» **TASK REQUIREMENTS**: Transcribe the entries that come next exactly, but not the pictures they contain.
DATA LISTING: Begin
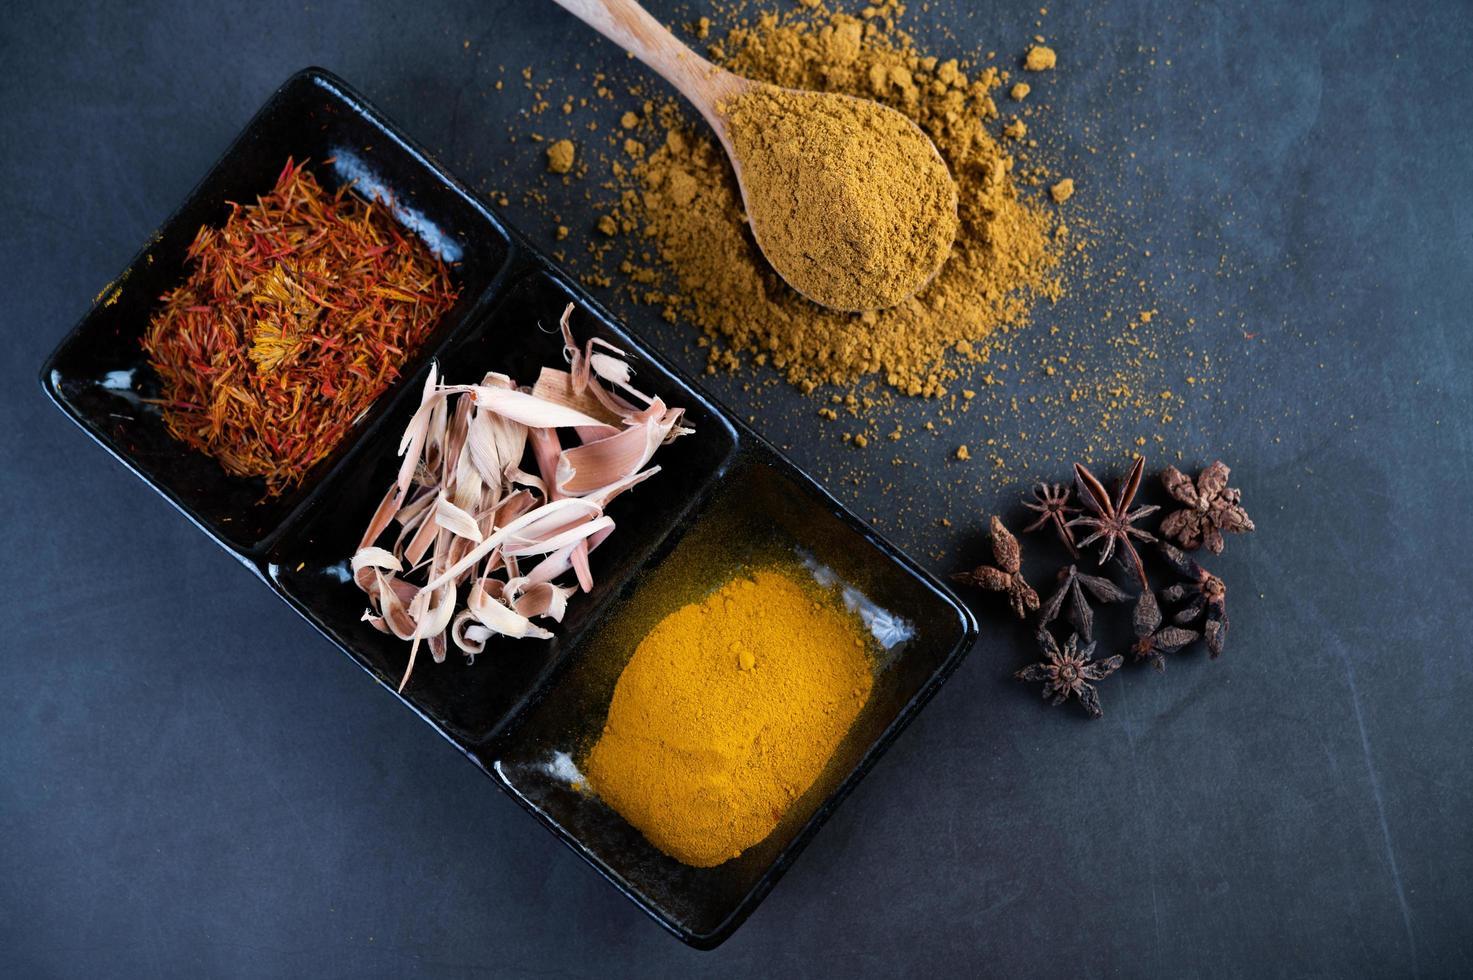 épices sur une surface de cuisine grise photo
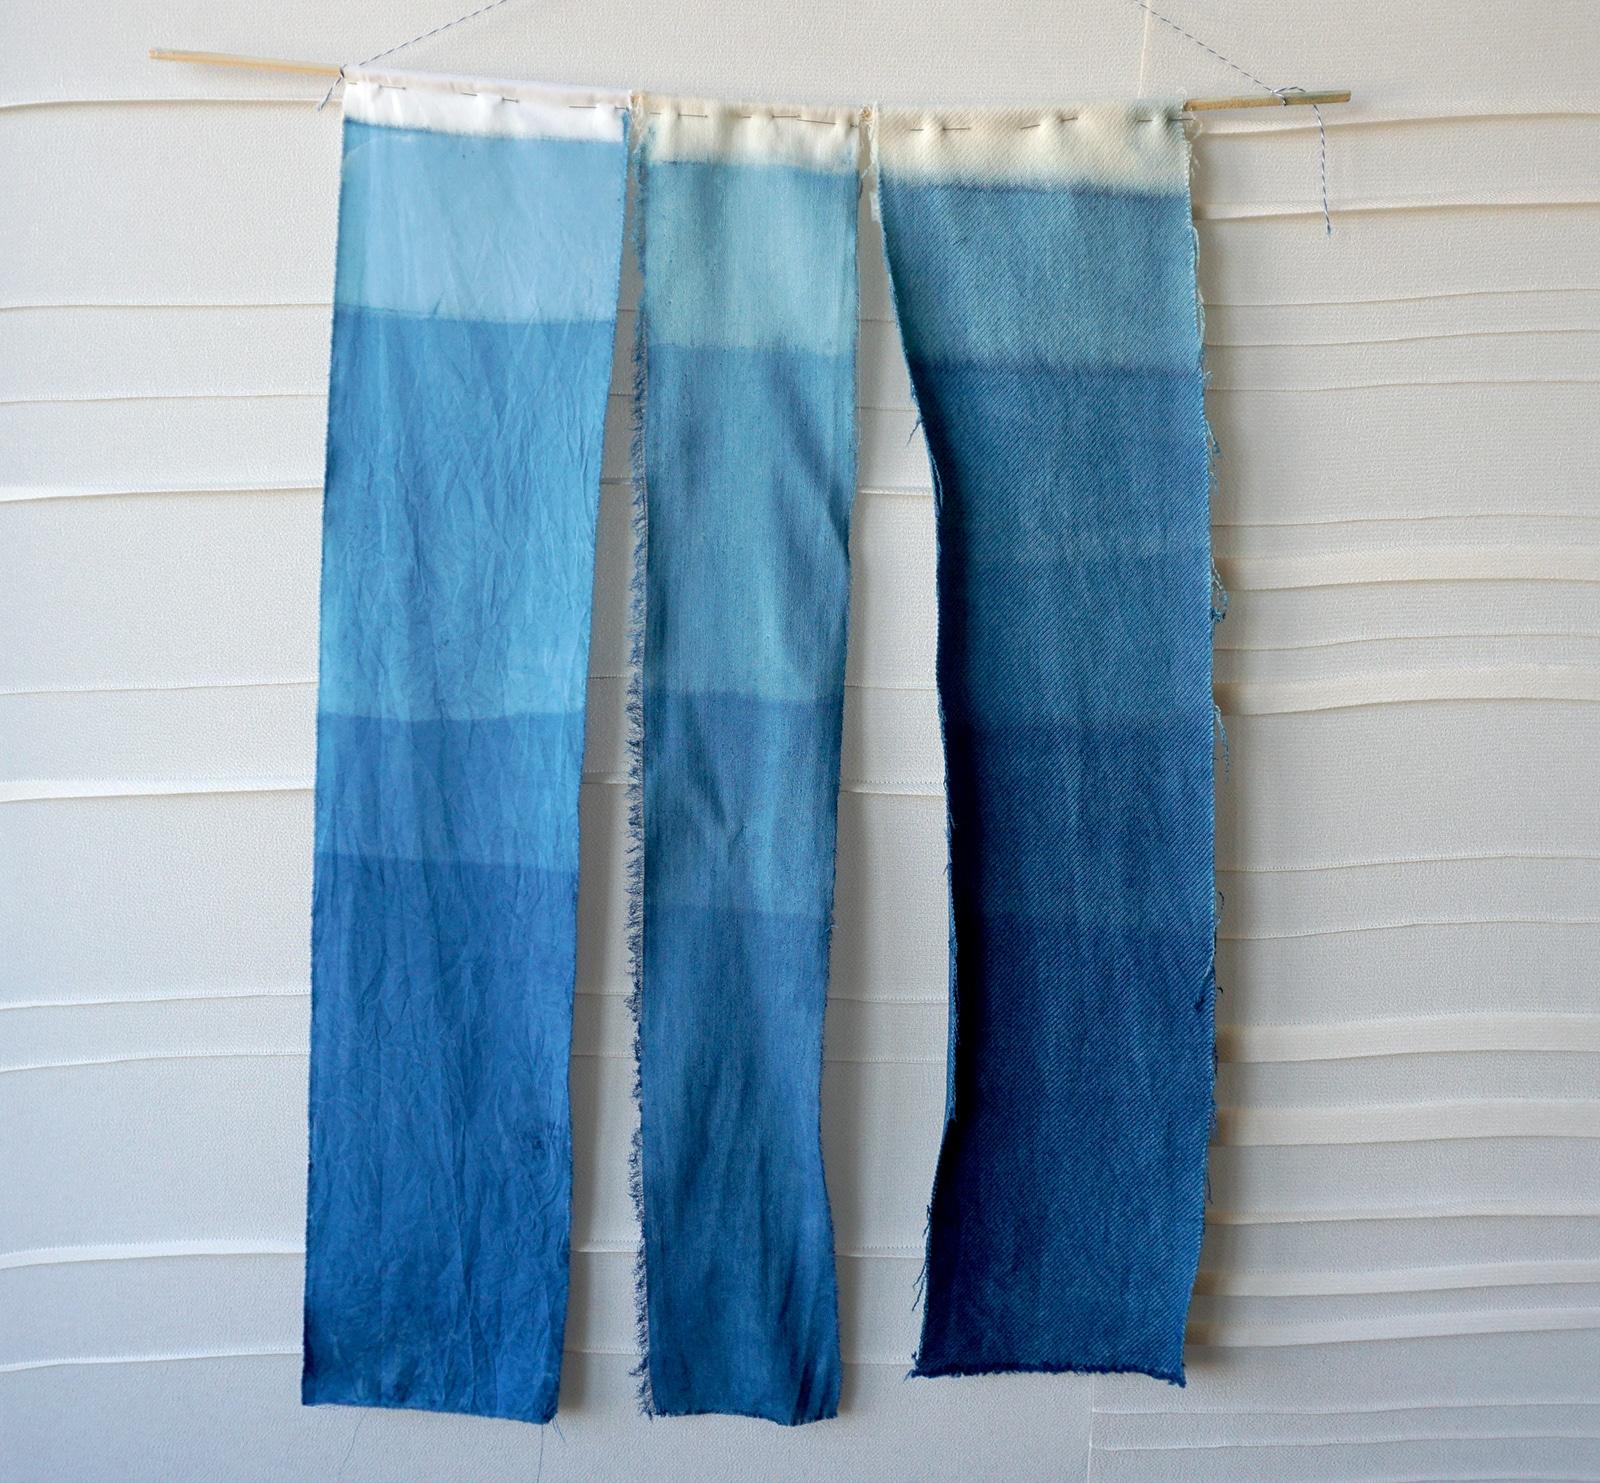 Echantillons de teinture bleue – Indigo – Atelier A Guery – Projet Bleu – Studio sur-mesure
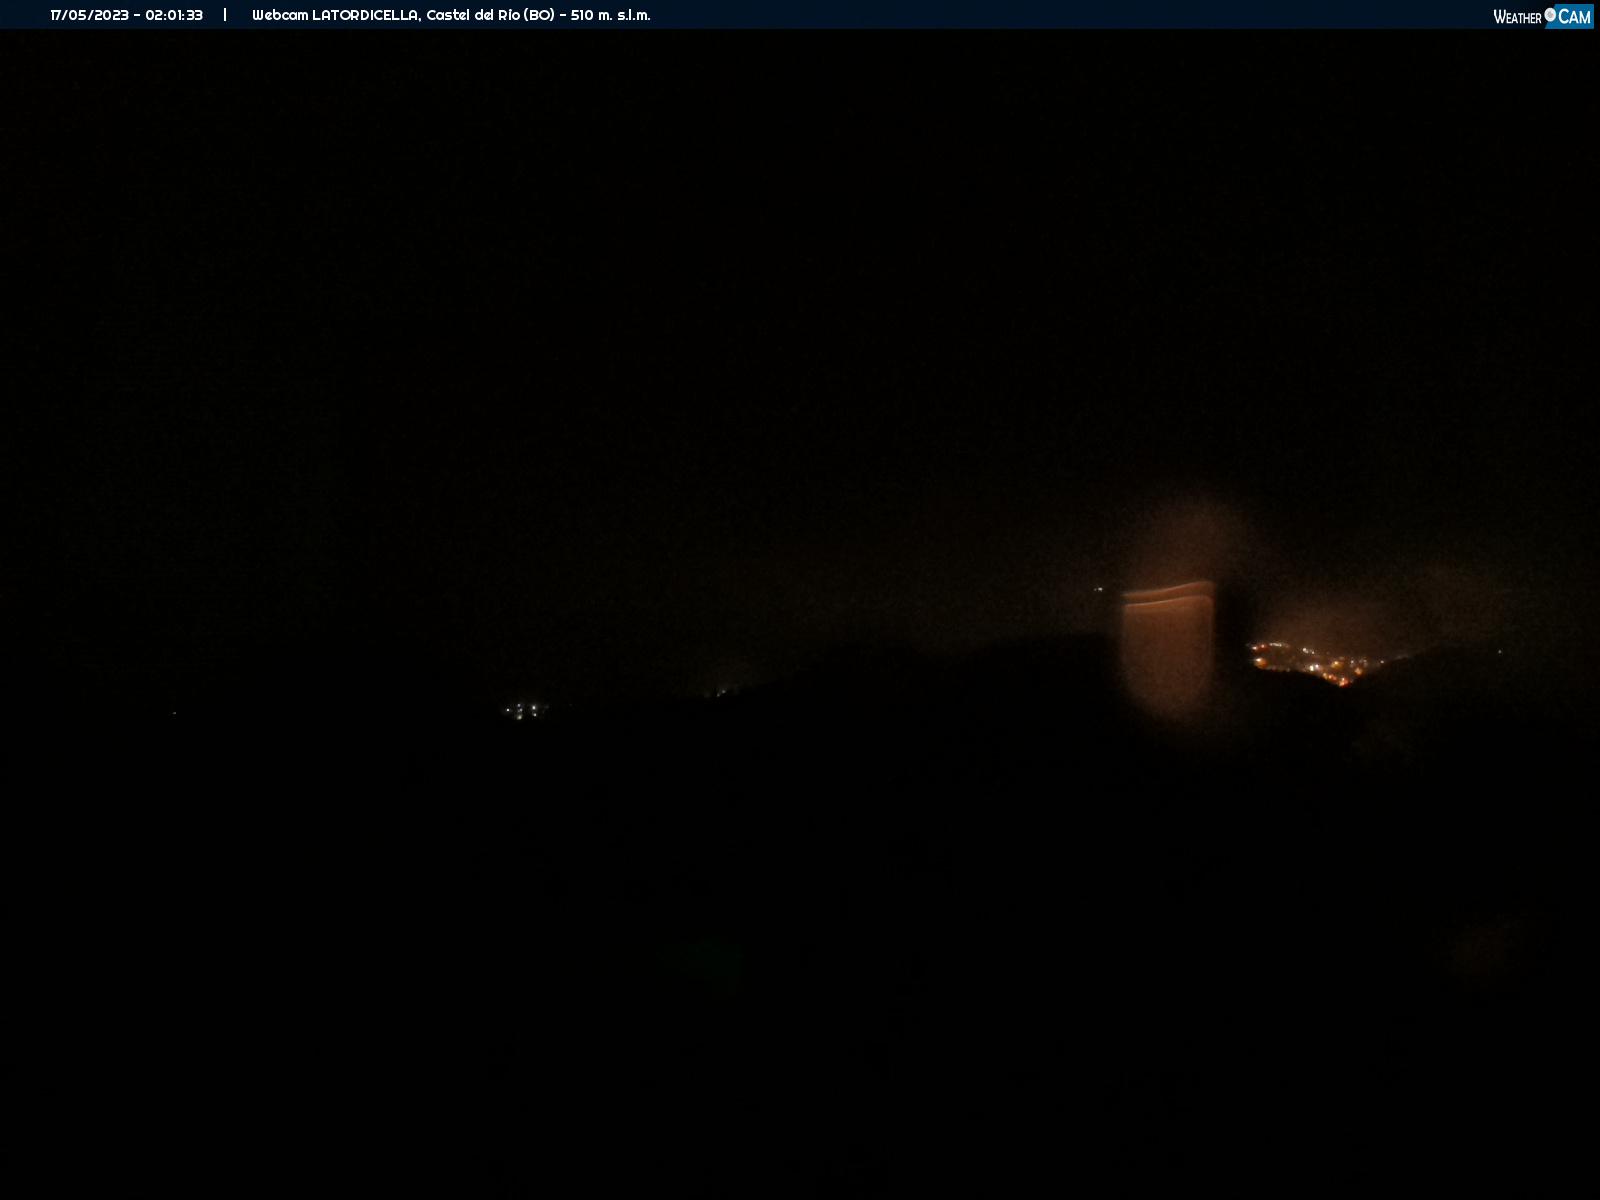 webcam castel del rio
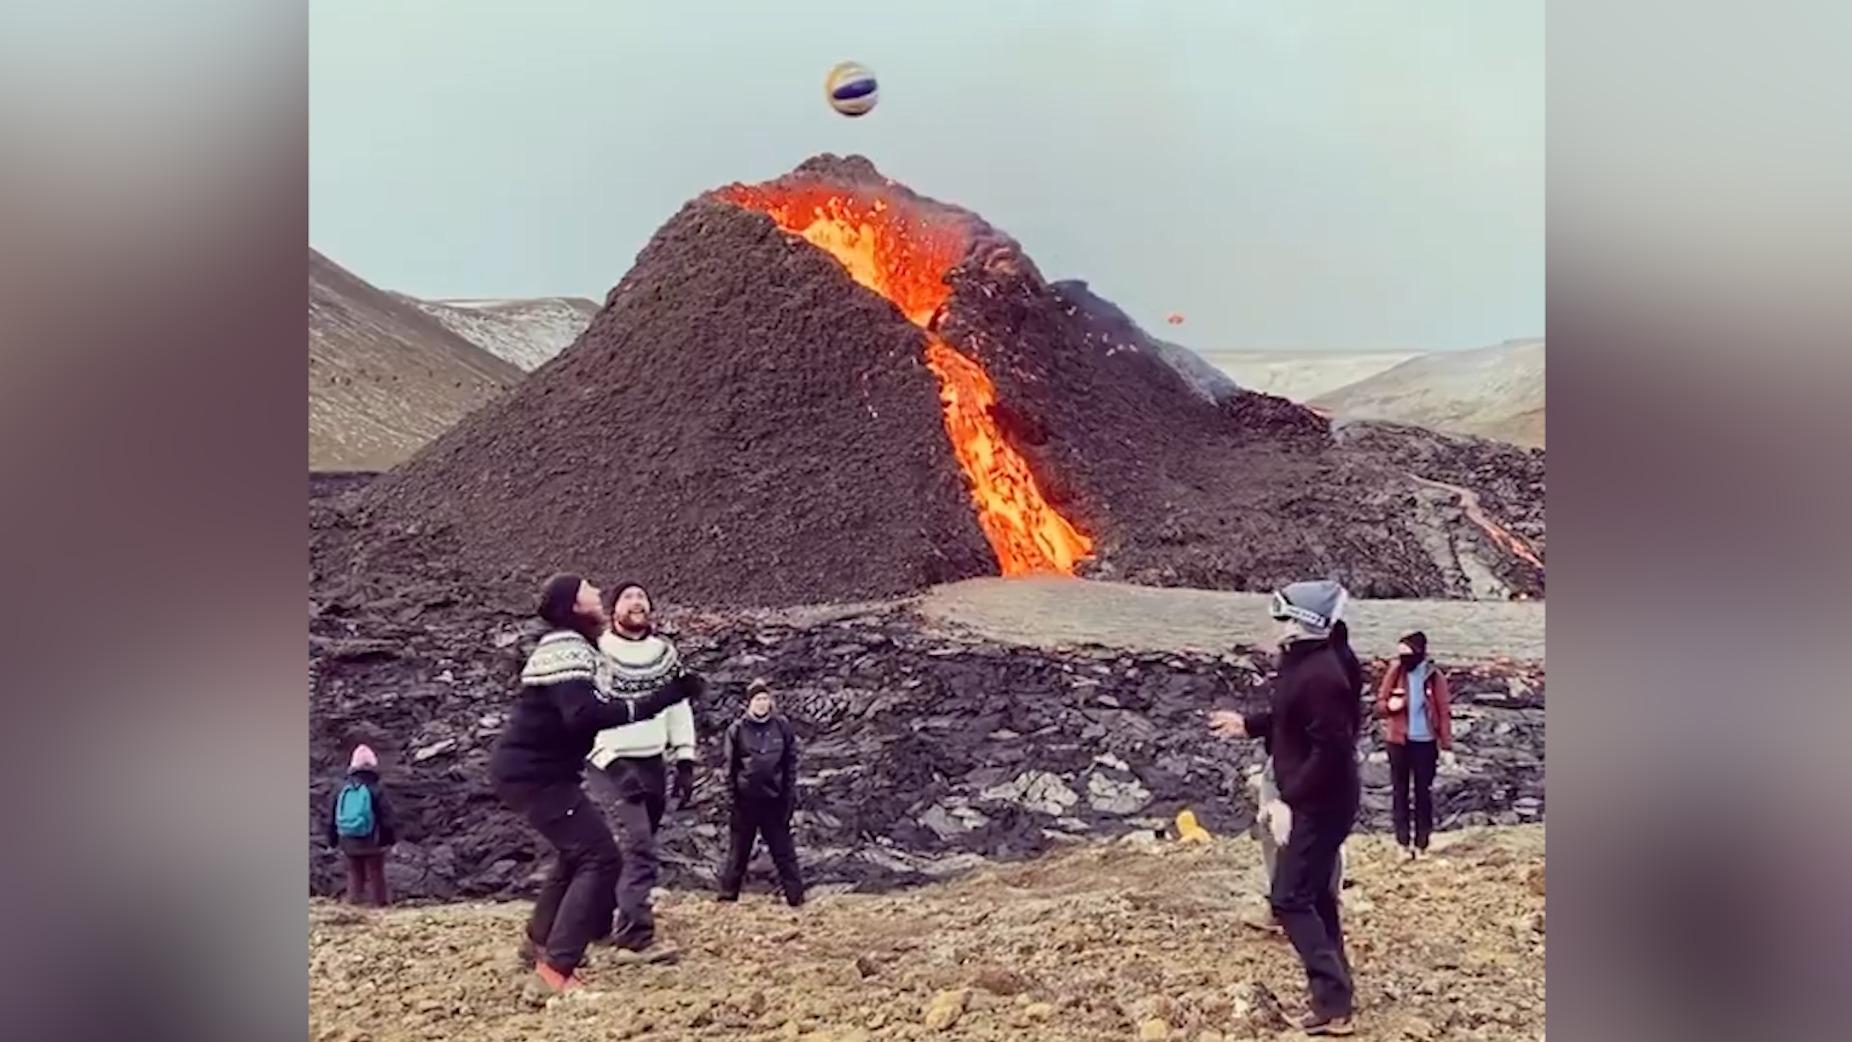 冰岛火山熔岩喷发不断 游客一旁淡定打排球
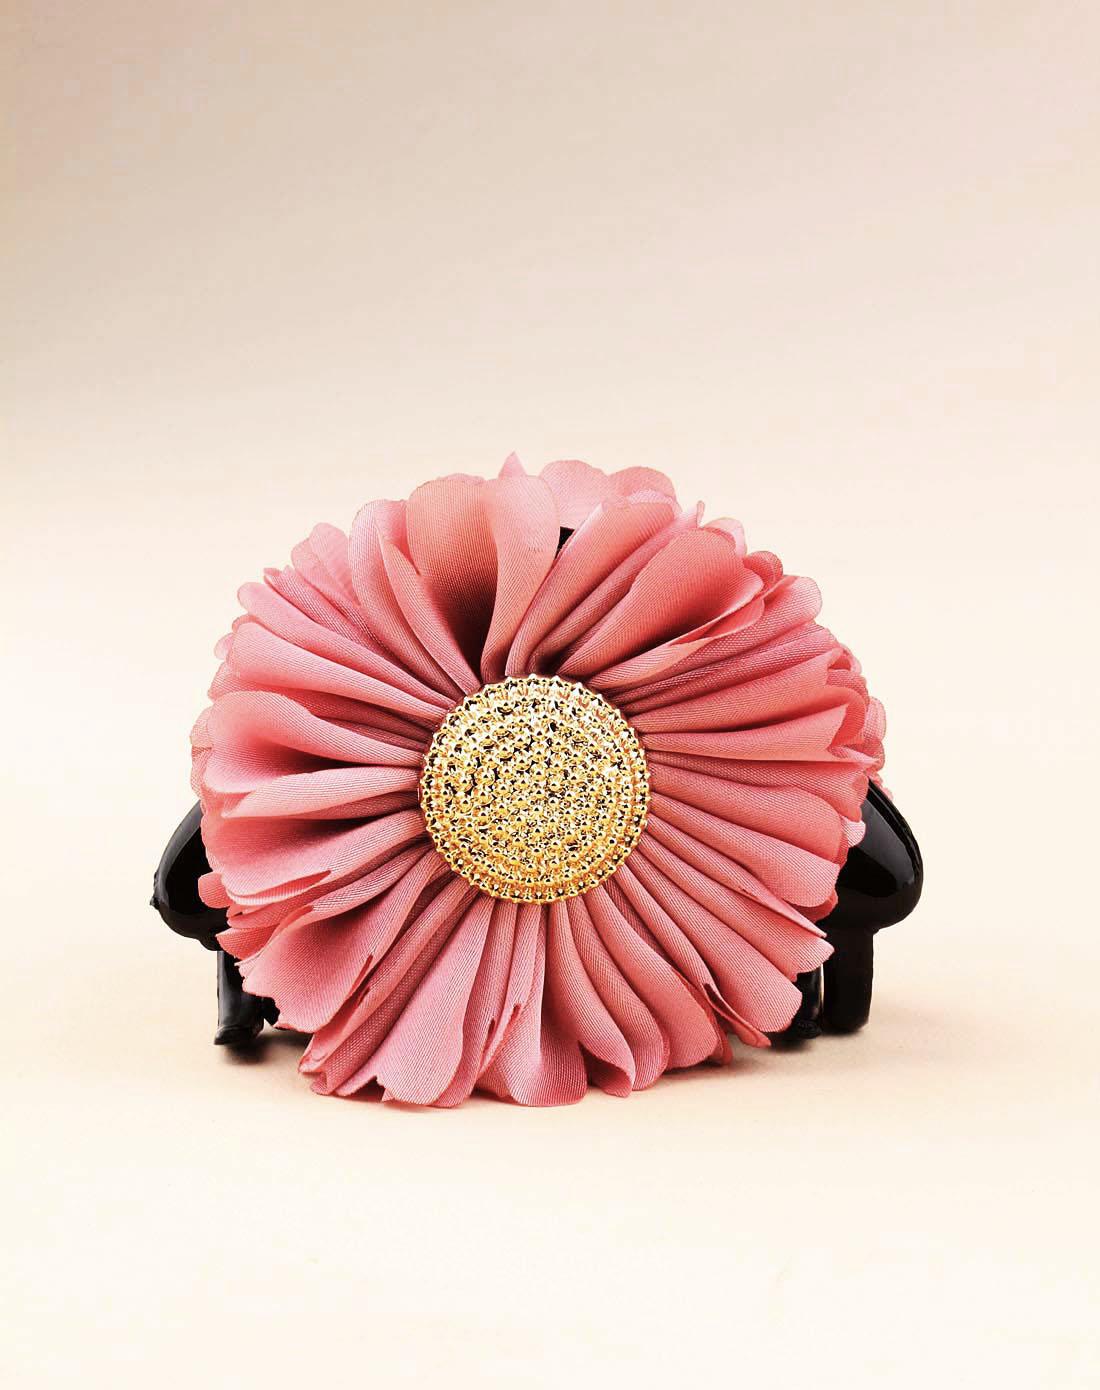 粉色向日葵爪夹
DATA LISTING: End
» **RESULT**:
 épices sur une surface de cuisine grise photo
 Echantillons de teinture bleue – Indigo – Atelier A Guery – Projet Bleu – Studio sur-mesure
 webcam castel del rio
 冰岛火山熔岩喷发不断 游客一旁淡定打排球
 粉色向日葵爪夹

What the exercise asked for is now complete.